The PSCW voted on July 1 to reopen public comment but has not voted on revoking the 2019 approval. No date has been set but the vote should happen this summer.
While this has been going on, construction in Iowa has not stopped.
Since applicants have repeatedly said this is a project to benefit Wisconsin, Goebel and Deutmeyer are unsure why they’re continuing without a solid plan across the Mississippi River.
“I see no reason for the line in Iowa, at least through the research I’ve done, if it doesn’t continue into Wisconsin,” Deutmeyer said.

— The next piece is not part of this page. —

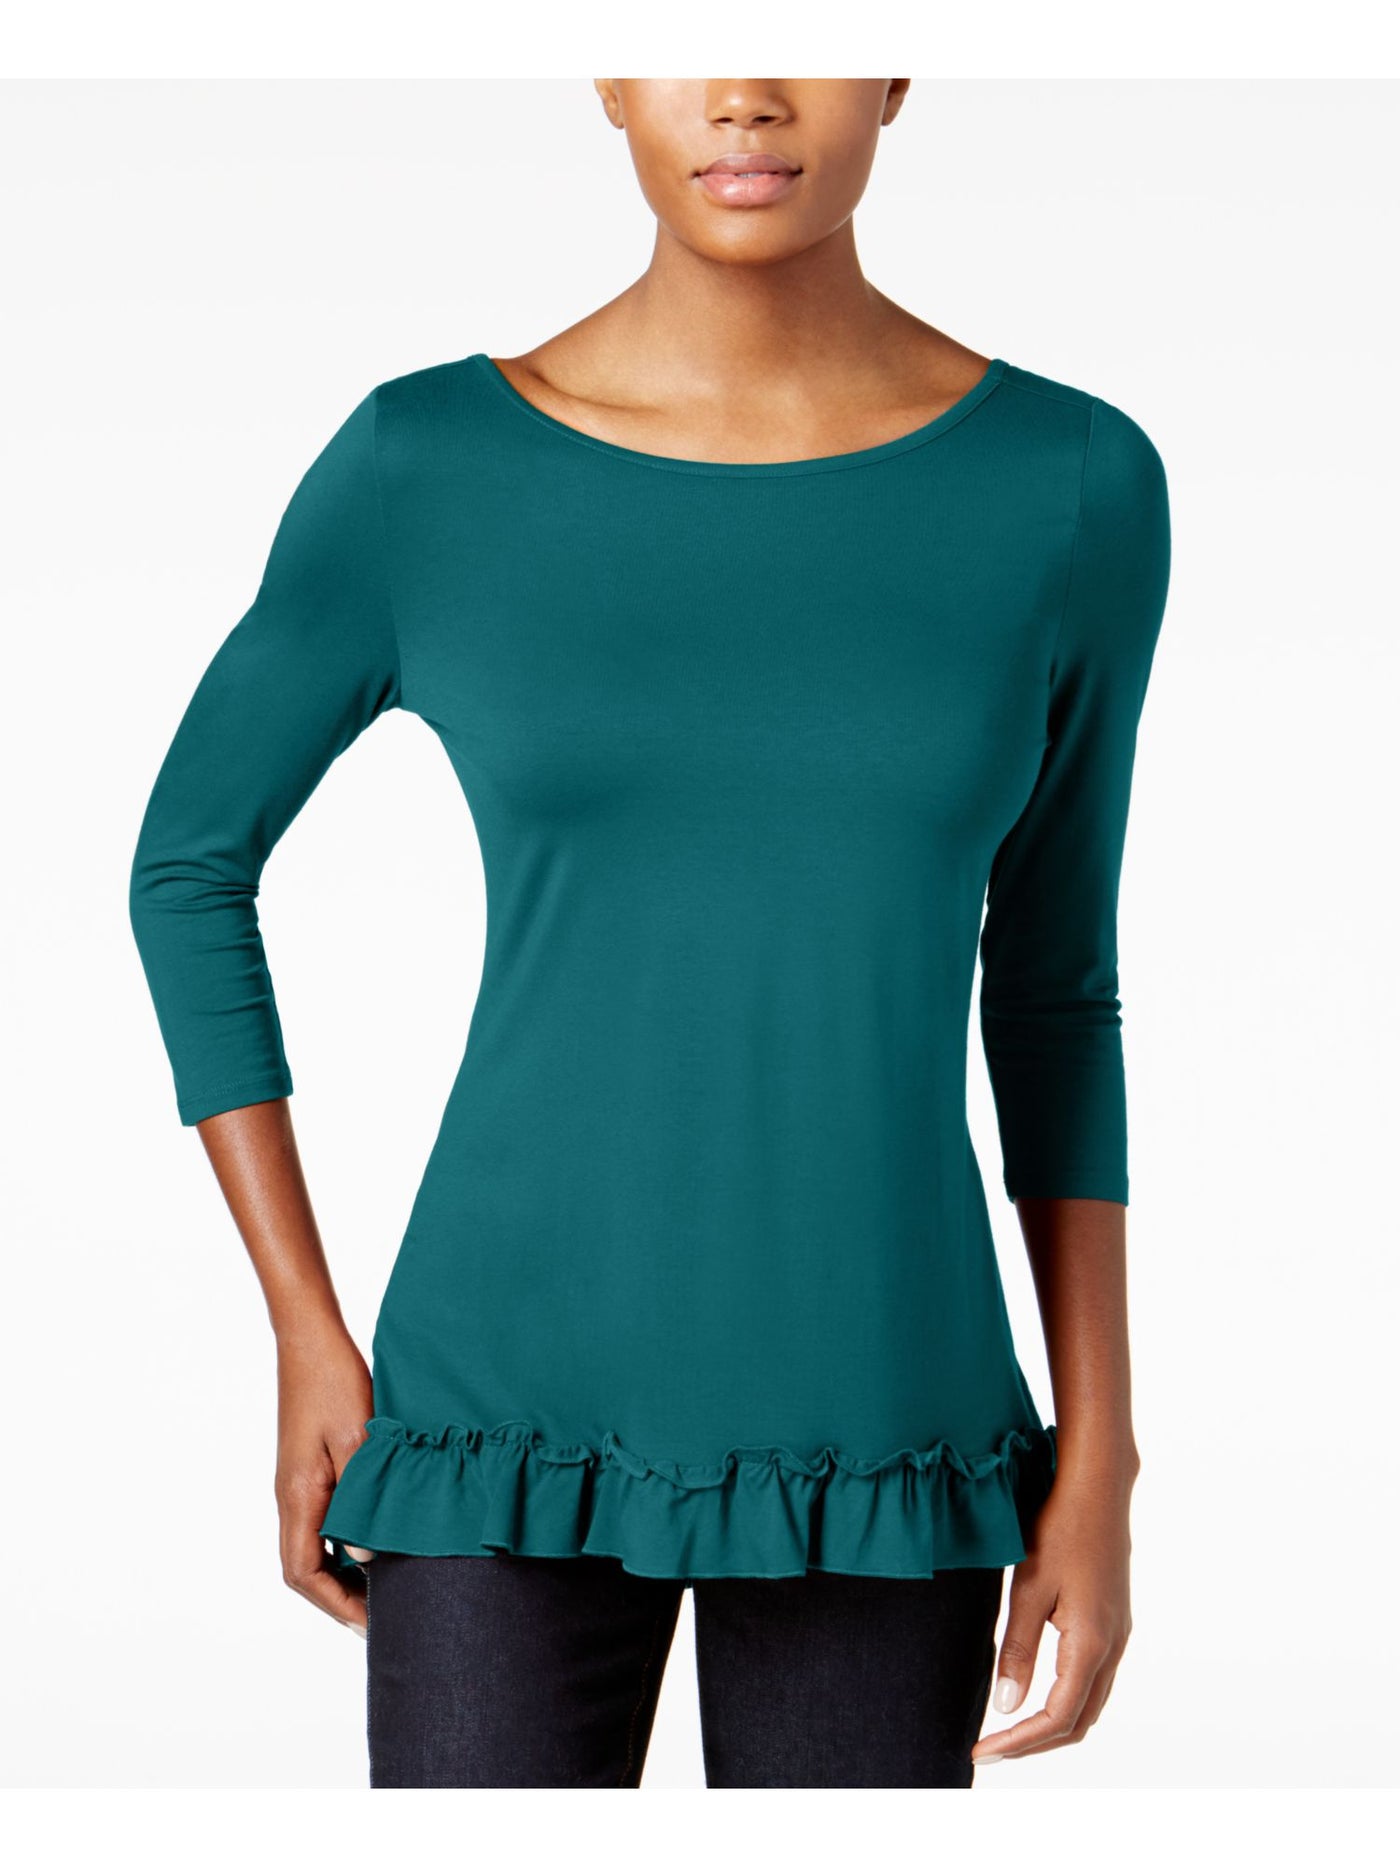 LOVE SCARLETT Womens Teal 3/4 Sleeve Jewel Neck T-Shirt Petites Size: PS

ITC Midwest gave KWWL this statement about construction in Iowa:
“As the request to rescind and reopen the Certificate of Public Convenience and Necessity (CPCN) with the Public Service Commission of Wisconsin (PSCW) proceeds through the regulatory process, ITC Midwest is continuing construction on Iowa segment one of the Cardinal-Hickory Creek Transmission Line Project. Construction has been underway on this 12-mile segment since April 29, which stretches from the Hickory Creek Substation in Dubuque County to the Turkey River Substation in Clayton County. The Iowa Utilities Board granted a franchise for the Iowa segment of the Cardinal-Hickory Creek project in May 2020.”
Rod Pritchard, ITC Spokesperson
The Iowa Utilities Board ordered the companies to provide a construction update on July 8. They have 30 days to complete the request and they also need to give an analysis of the project benefits if it were only to exist in Iowa.